# Problem to solve
Write out exactly every line from the one containing "Foggy Mountain Breakdown : Foggy" through the final line of the material below, both included. Pictures are to be skipped.

# Data below

◆ ◆ ◆ ◆ ◆

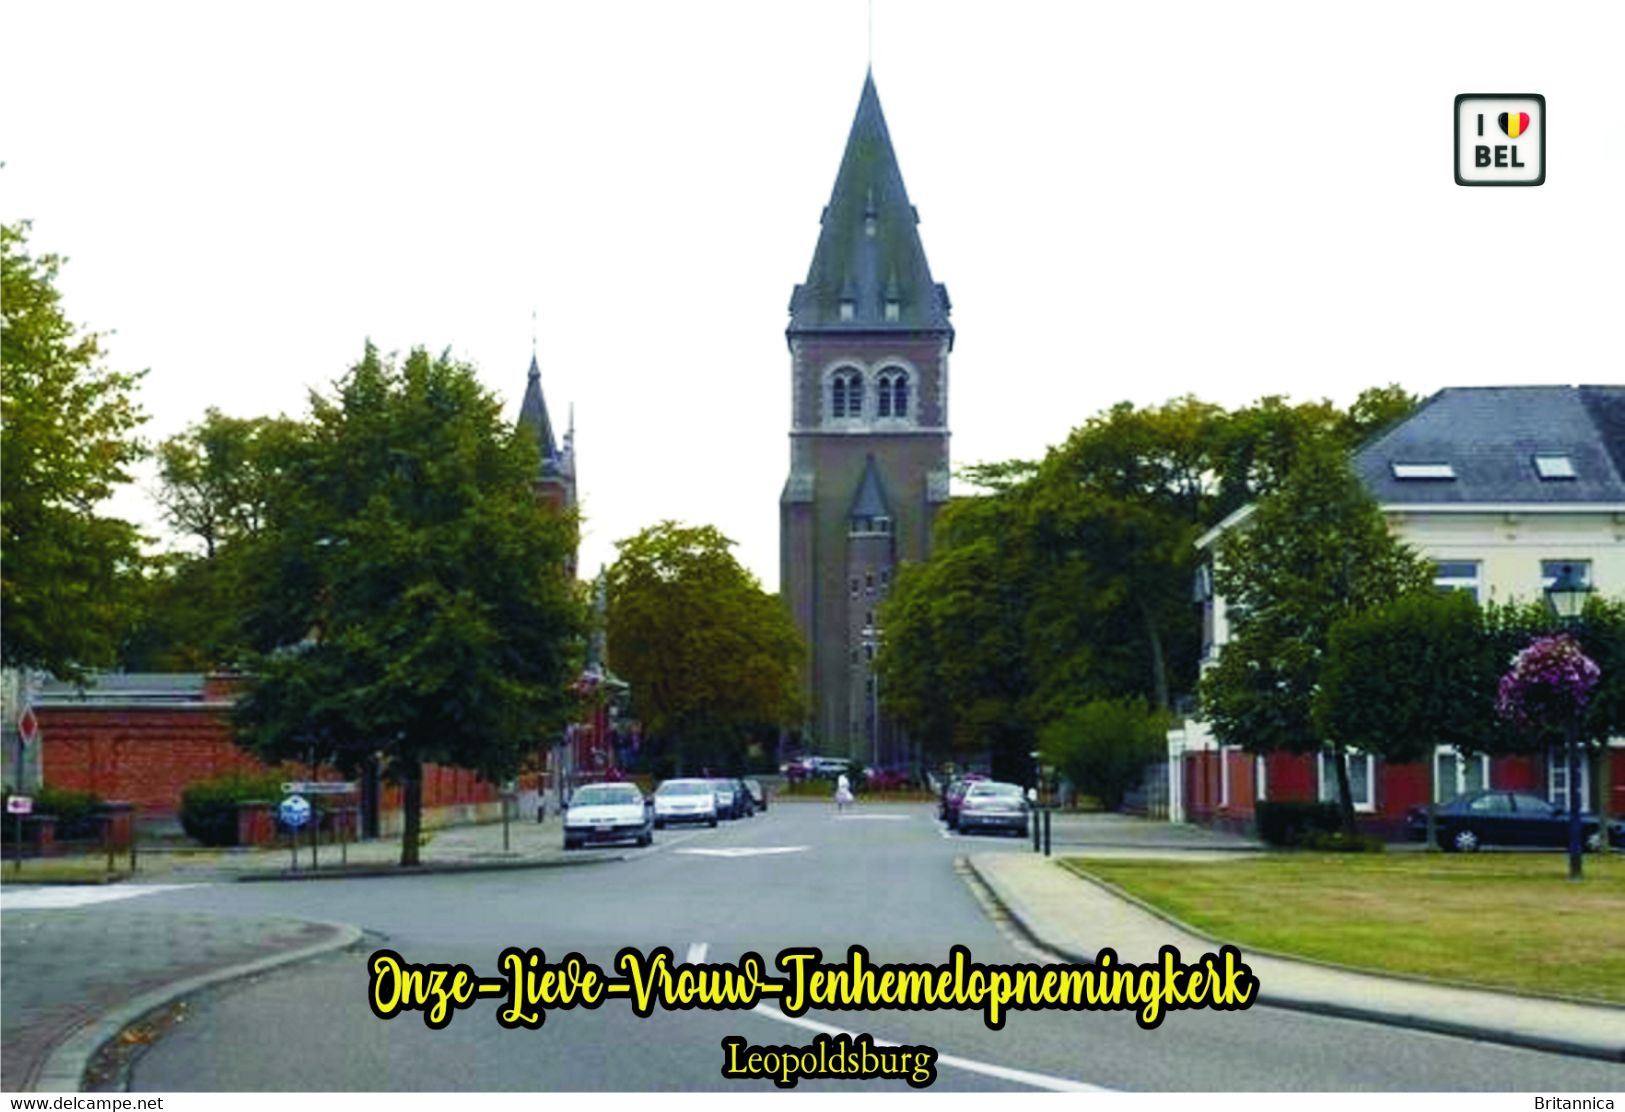 Set 8 Cartes Postales, Churches, Belgium (Limburg), Leopoldsburg, Onze-Liew-Vrouw-Tenhemelopnemingskerk - Churches & Cathedrals
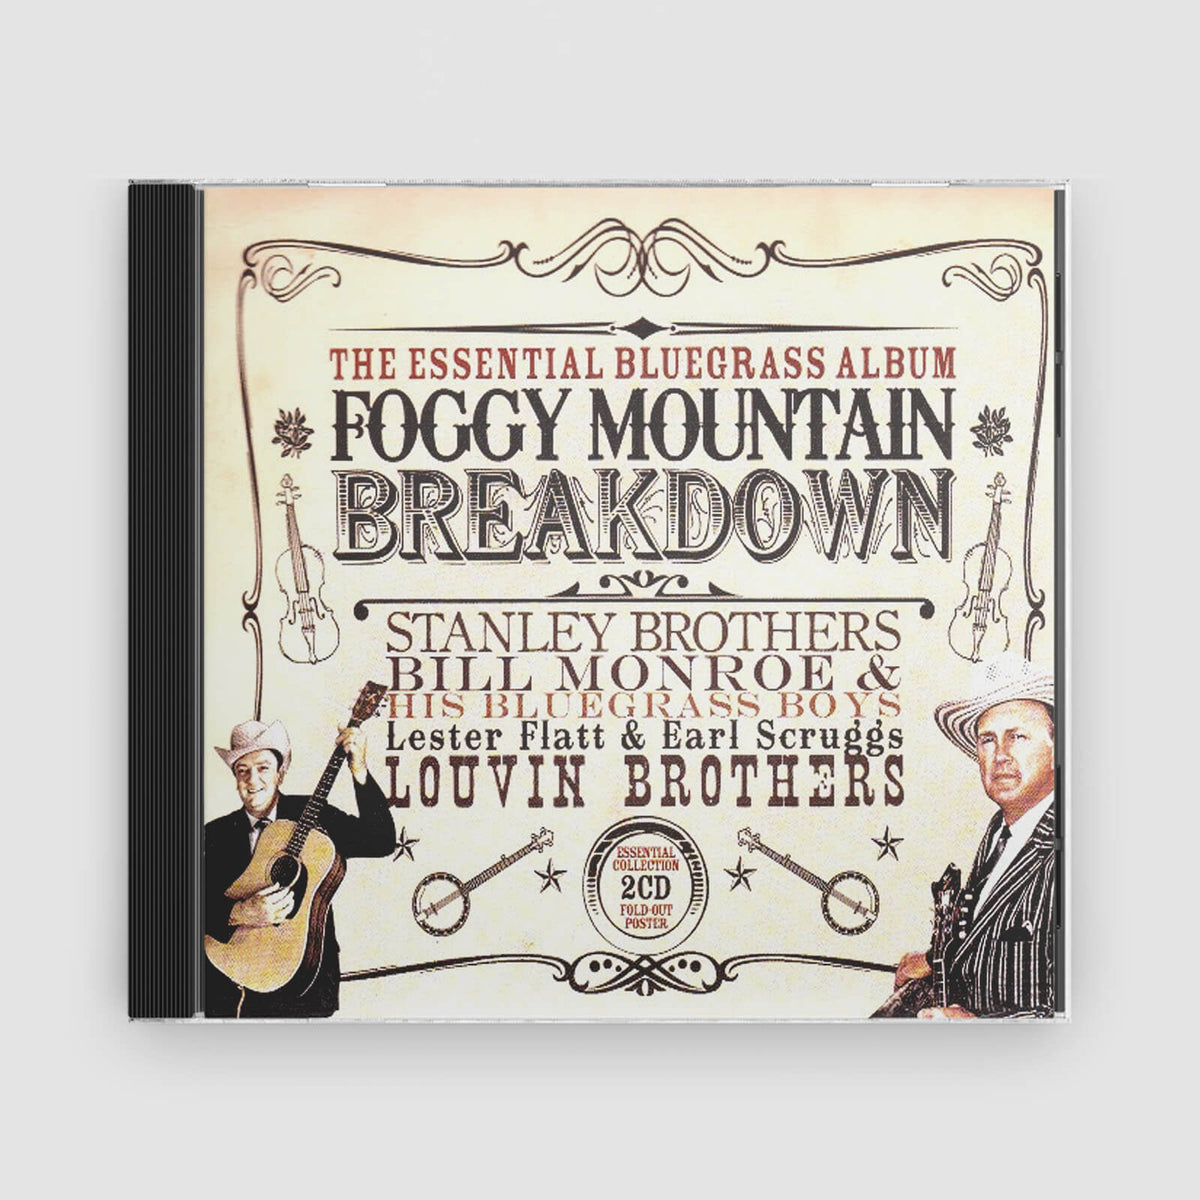 Foggy Mountain Breakdown : Foggy Mountain Breakdown -The Essential Bluegrass Album
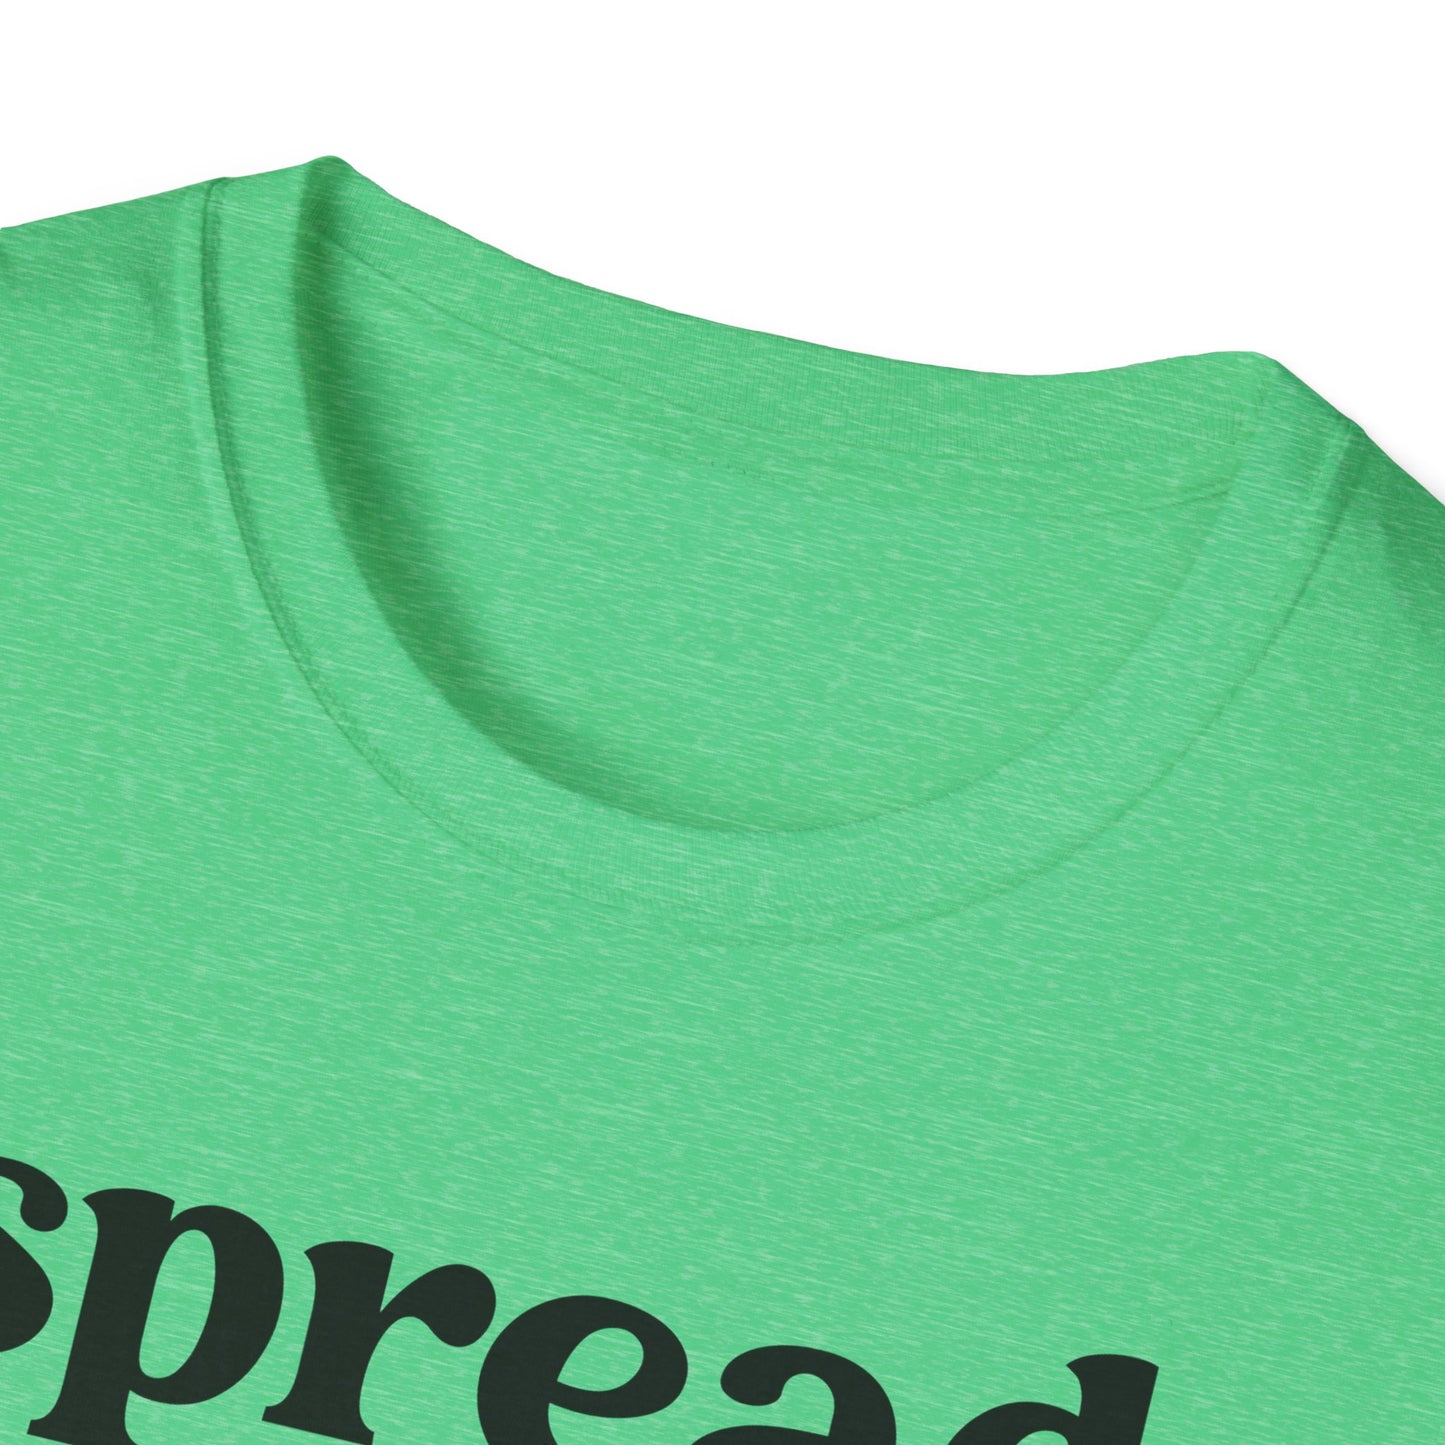 Spread Love like Dog Hair - Unisex Softstyle T-Shirt

◆ ◆ ◆ ◆ ◆

# Answer section
 Foggy Mountain Breakdown : Foggy Mountain Breakdown -The Essential Bluegrass Album
 Spread Love like Dog Hair - Unisex Softstyle T-Shirt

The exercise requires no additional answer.